The ability to avoid replicative senescence is a hallmark of malignant transformation. At least 85% of all cancers and 90% of breast cancers acquire this capability by activating telomerase, a reverse transcriptase that uses an internal telomerase RNA template to extend chromosome ends with telomeric DNA repeats. For this reason, telomere destabilizers and telomerase inhibitors have been a central focus of anti-tumor chemotherapy. Yet, due to a limited understanding of the basic cellular processes that cause telomere fragility and due to high background noise in current cell-based assays for telomerase inhibitor screens, there has been minimal discovery of clinically relevant telomere and telomerase targeting agents. This is a study of how variant telomerase RNA templates can be used to reveal non-WT telomere sequences that are either compatible or incompatible with cellular survival. The overall hypothesis is that randomization of the template will result in the synthesis of one class of telomeric sequences that maintain core telomere functions and thereby support cell viability and a separate class that rapidly becomes uncapped by protective proteins and elicits a potent DNA Damage Response (DDR) that confers cell death. The goal of Aim 1 is to define the mechanism by which features of the Schizosaccharomyces pombe telomerase RNA (TER1) template and complementary telomere sequence can cause cellular senescence. Serial restreaks and fluorescence microscopy of DDR and repair factors will be used to achieve this aim. The resultant information will guide therapeutic strategies to uncap telomeres in cancer cells. The purpose of Aim 2 is to identify alternative TER1 sequences that can serve as a template for the synthesis of variant telomeric repeats while retaining physiologic telomere functions. The direct primer extension assay and chromatin immunoprecipitation (ChIP) will be employed to evaluate the recruitment and overall activity of variant telomerases. The ability of the telomeric proteins, Taz1 and Pot1, to bind alternative repeats will be assessed using in vitro biochemical assays coupled with ChIP. Physiologic telomere functions including protection against 3' end resection, chromosome fusions, and DDR signaling as well as gene silencing by the telomere position effect will be characterized. These experiments provide proof-of-principle that a competitive growth screen of randomized templates can reveal functional templates other than WT.

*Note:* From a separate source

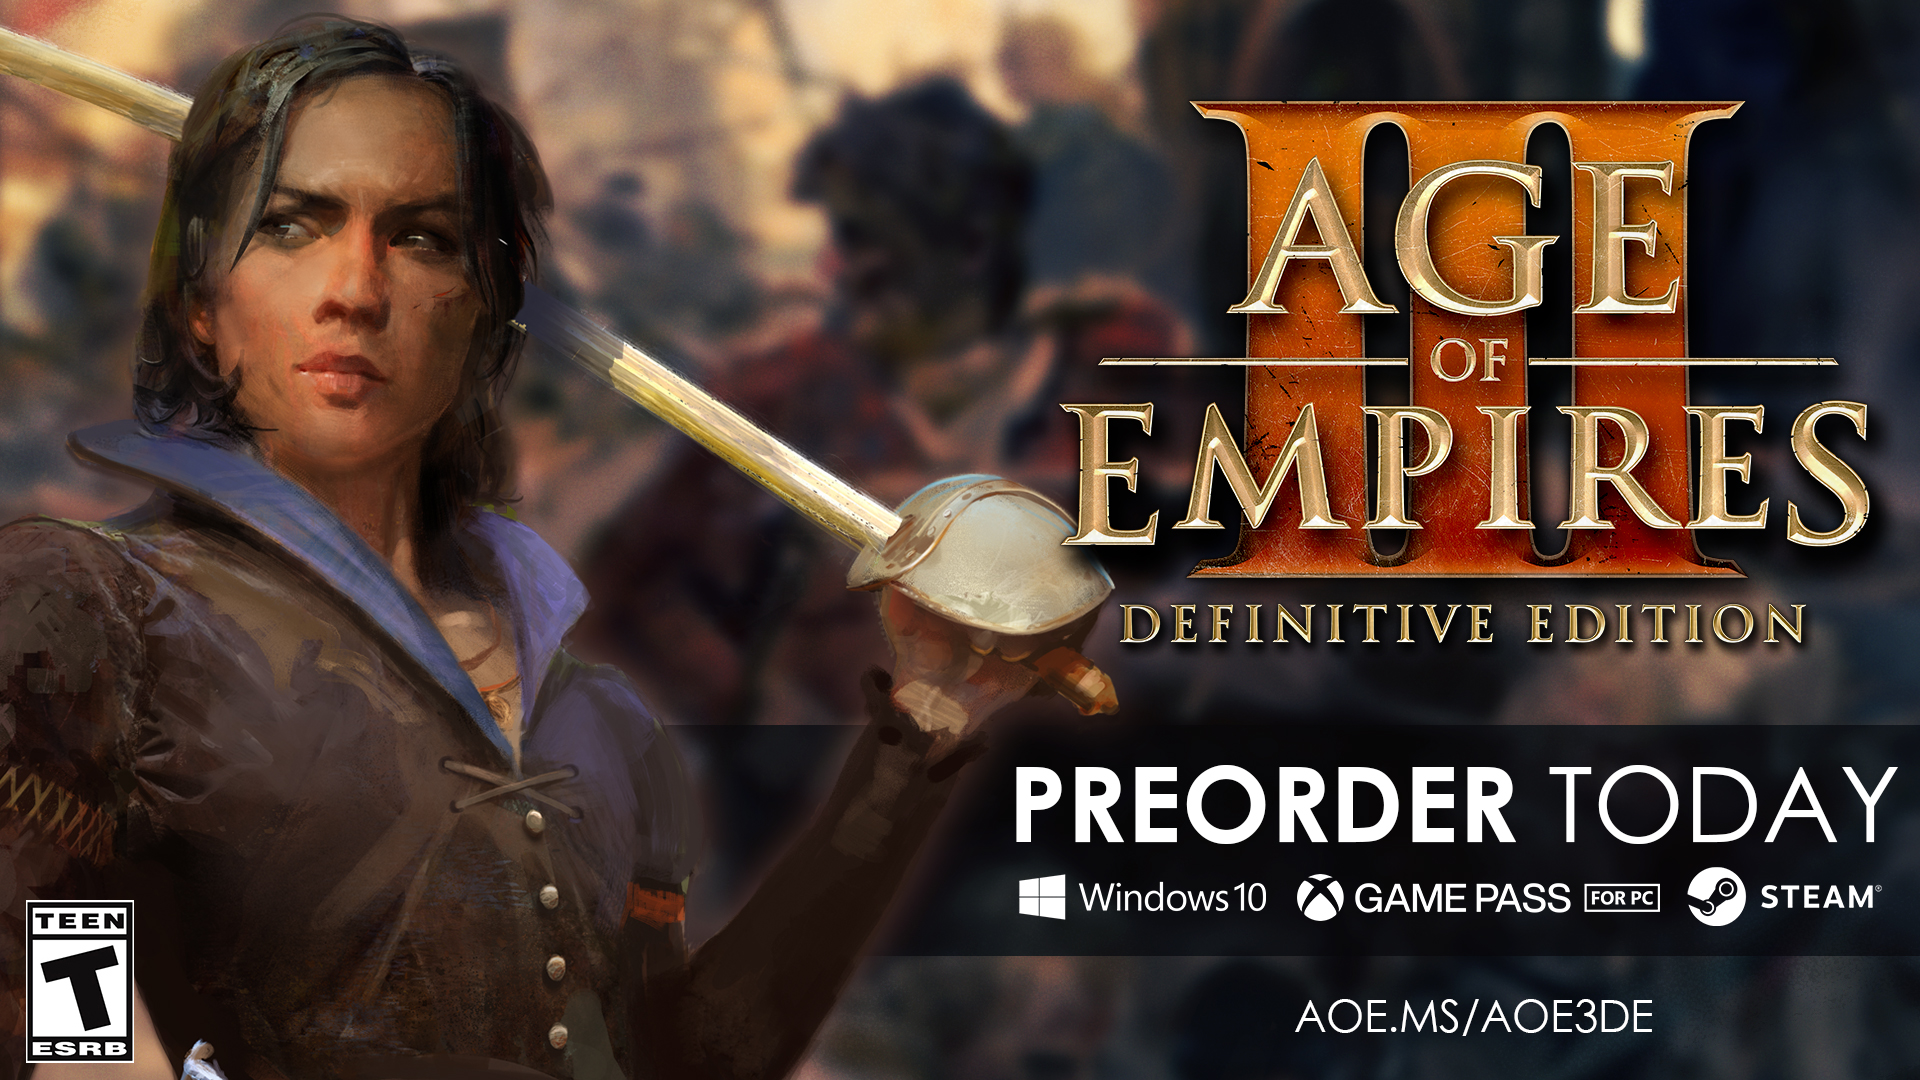 how to install age of empires 3 on windows 10
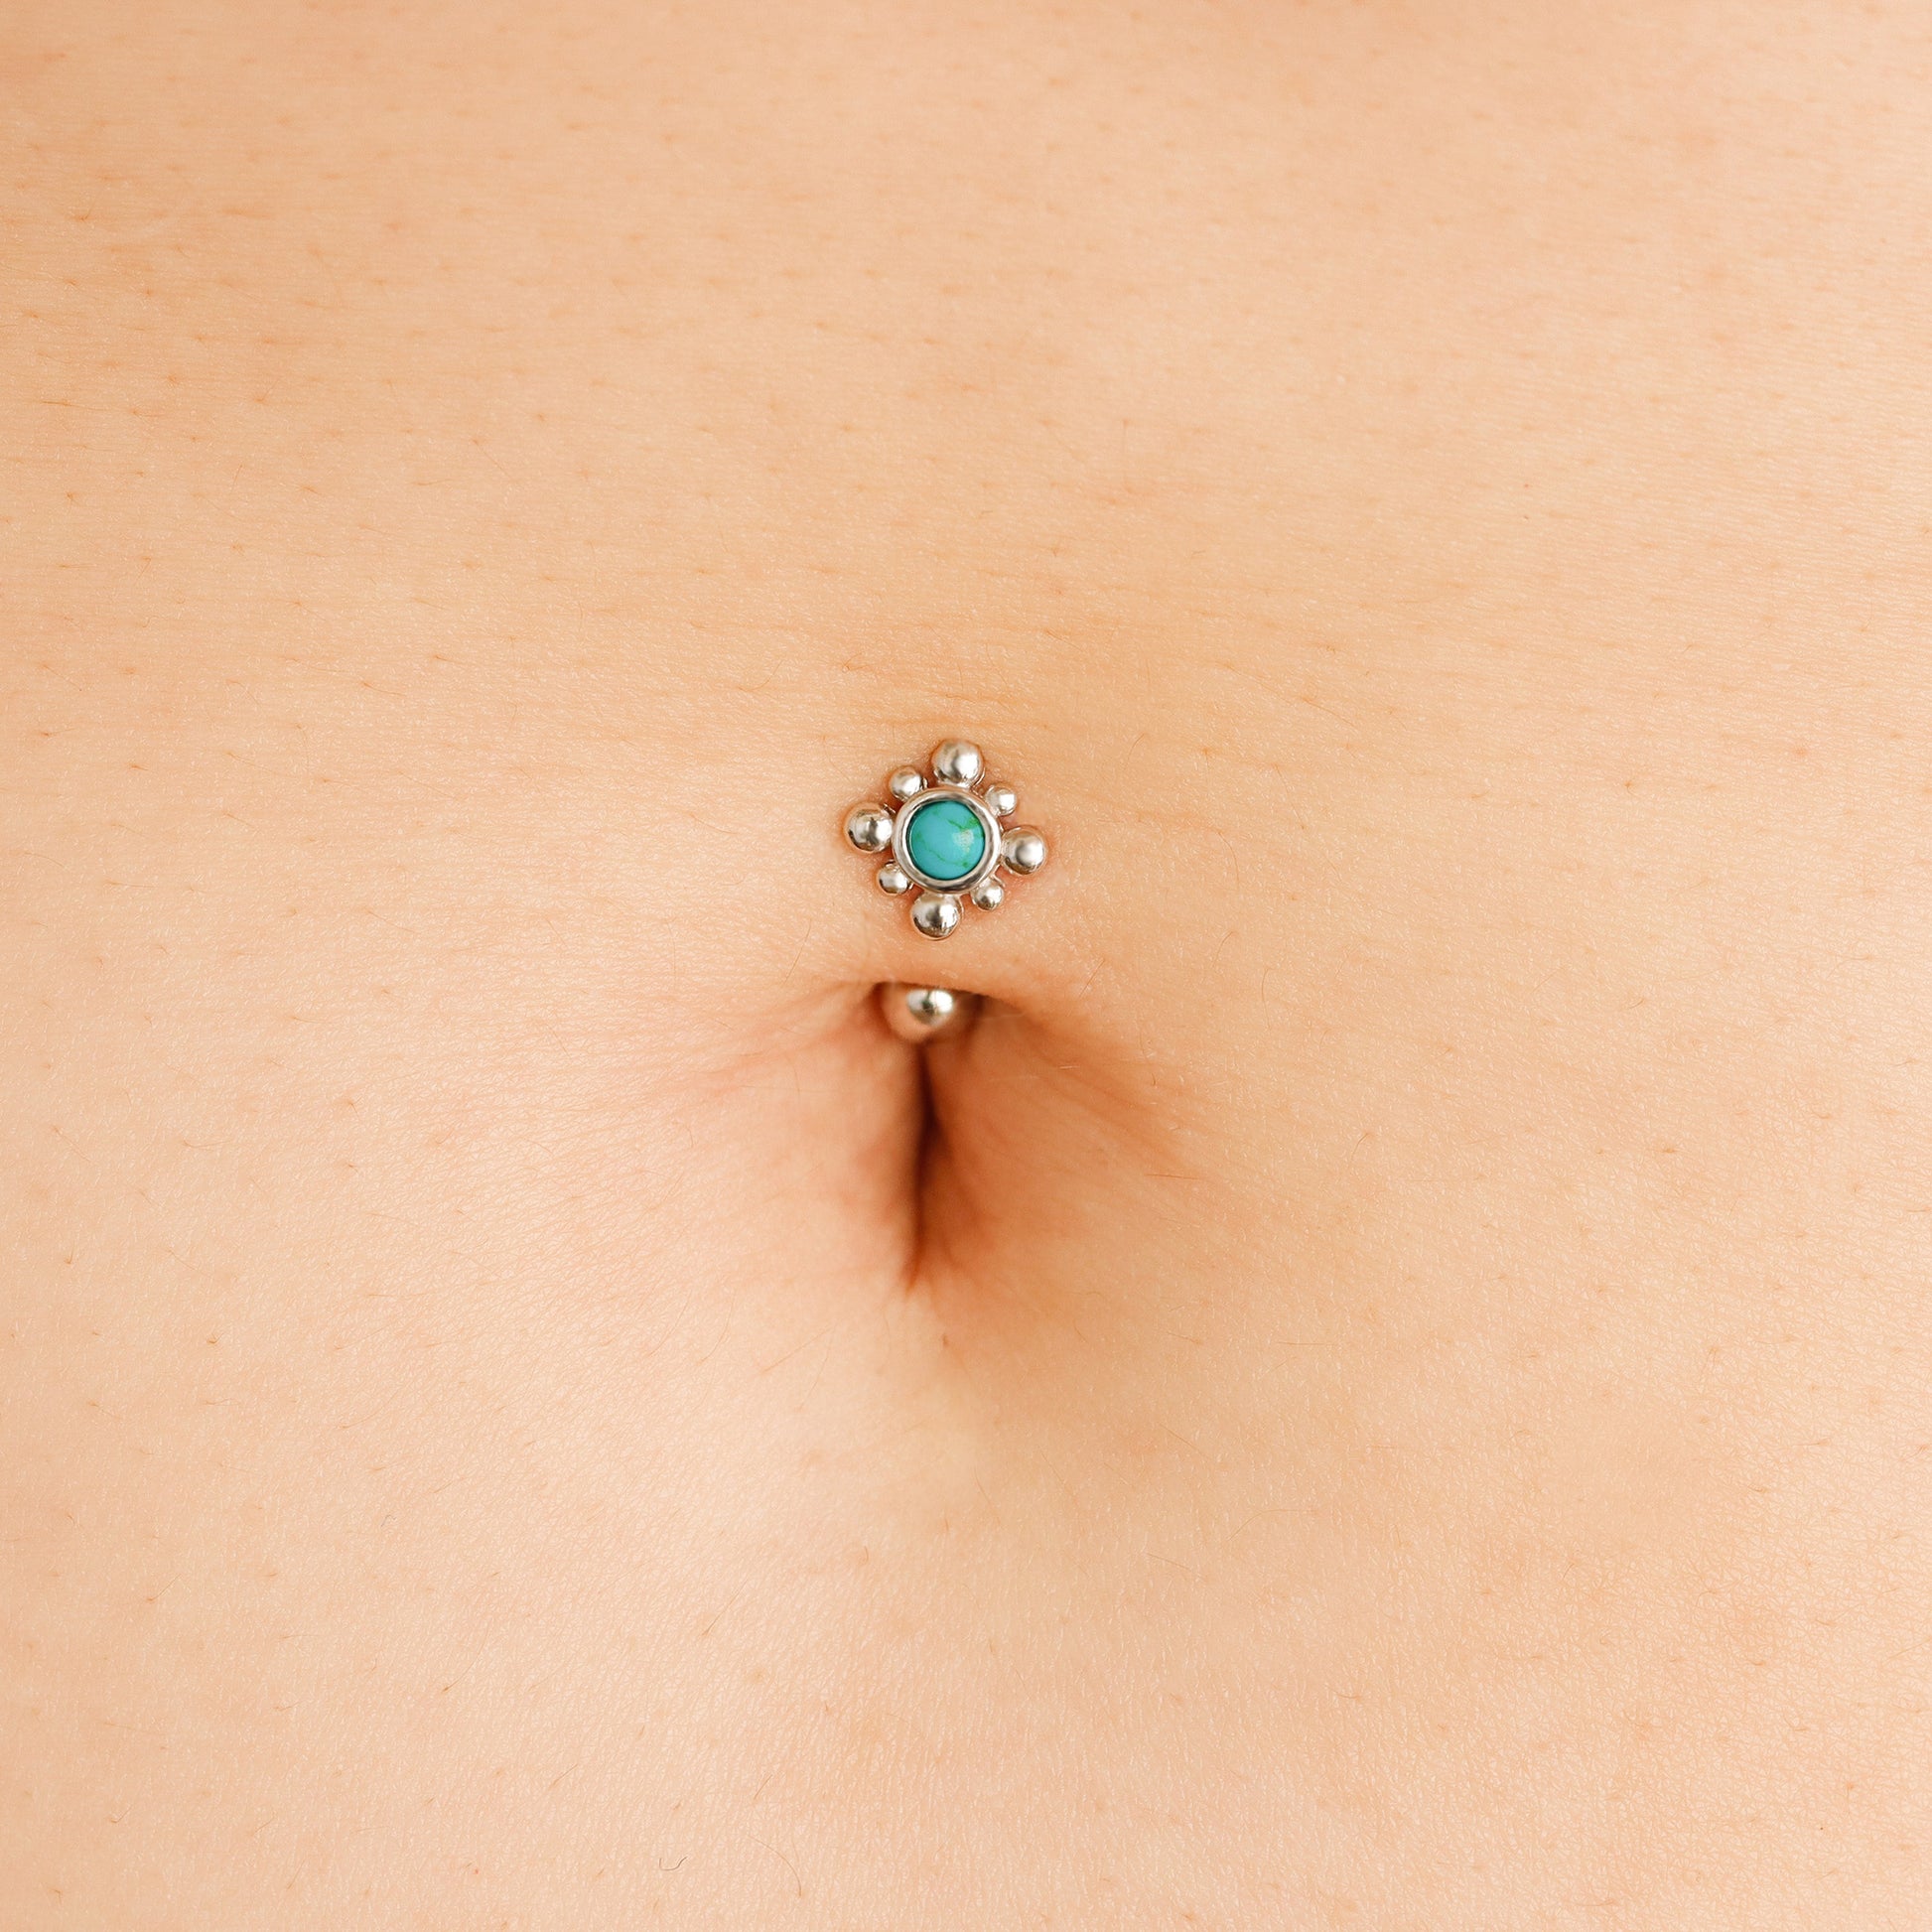 Solid 925 Silver | 14G Petite Sun Turquoise Reverse Belly Ring | 6mm 1/4" 8mm 5/16" 10mm 3/8" - Sturdy South

Aim 3 applies this concept to human breast cancer cell lines and uses flow cytometry and Illumina sequencing to address which variant human telomerase RNA (hTR) templates confer a growth advantage versus apoptosis. The identification of alternative templates that correspond to telomere sequences distinct from WT will facilitate the development of cell-based assays that can use the synthesis of non-WT telomeres as a clear signal for telomerase activity in a background of WT telomeres.
Telomerase is overactive in most cancers, which allows cells to continue to extend their telomeres and maintain replicative potential. For this reason, telomerase inhibitors and telomere destabilizers are promising approaches for cancer treatment. This study identifies strategies to instigate telomere fragility in cancer cells and to improve screening assays for the discovery of small molecule telomerase inhibitors.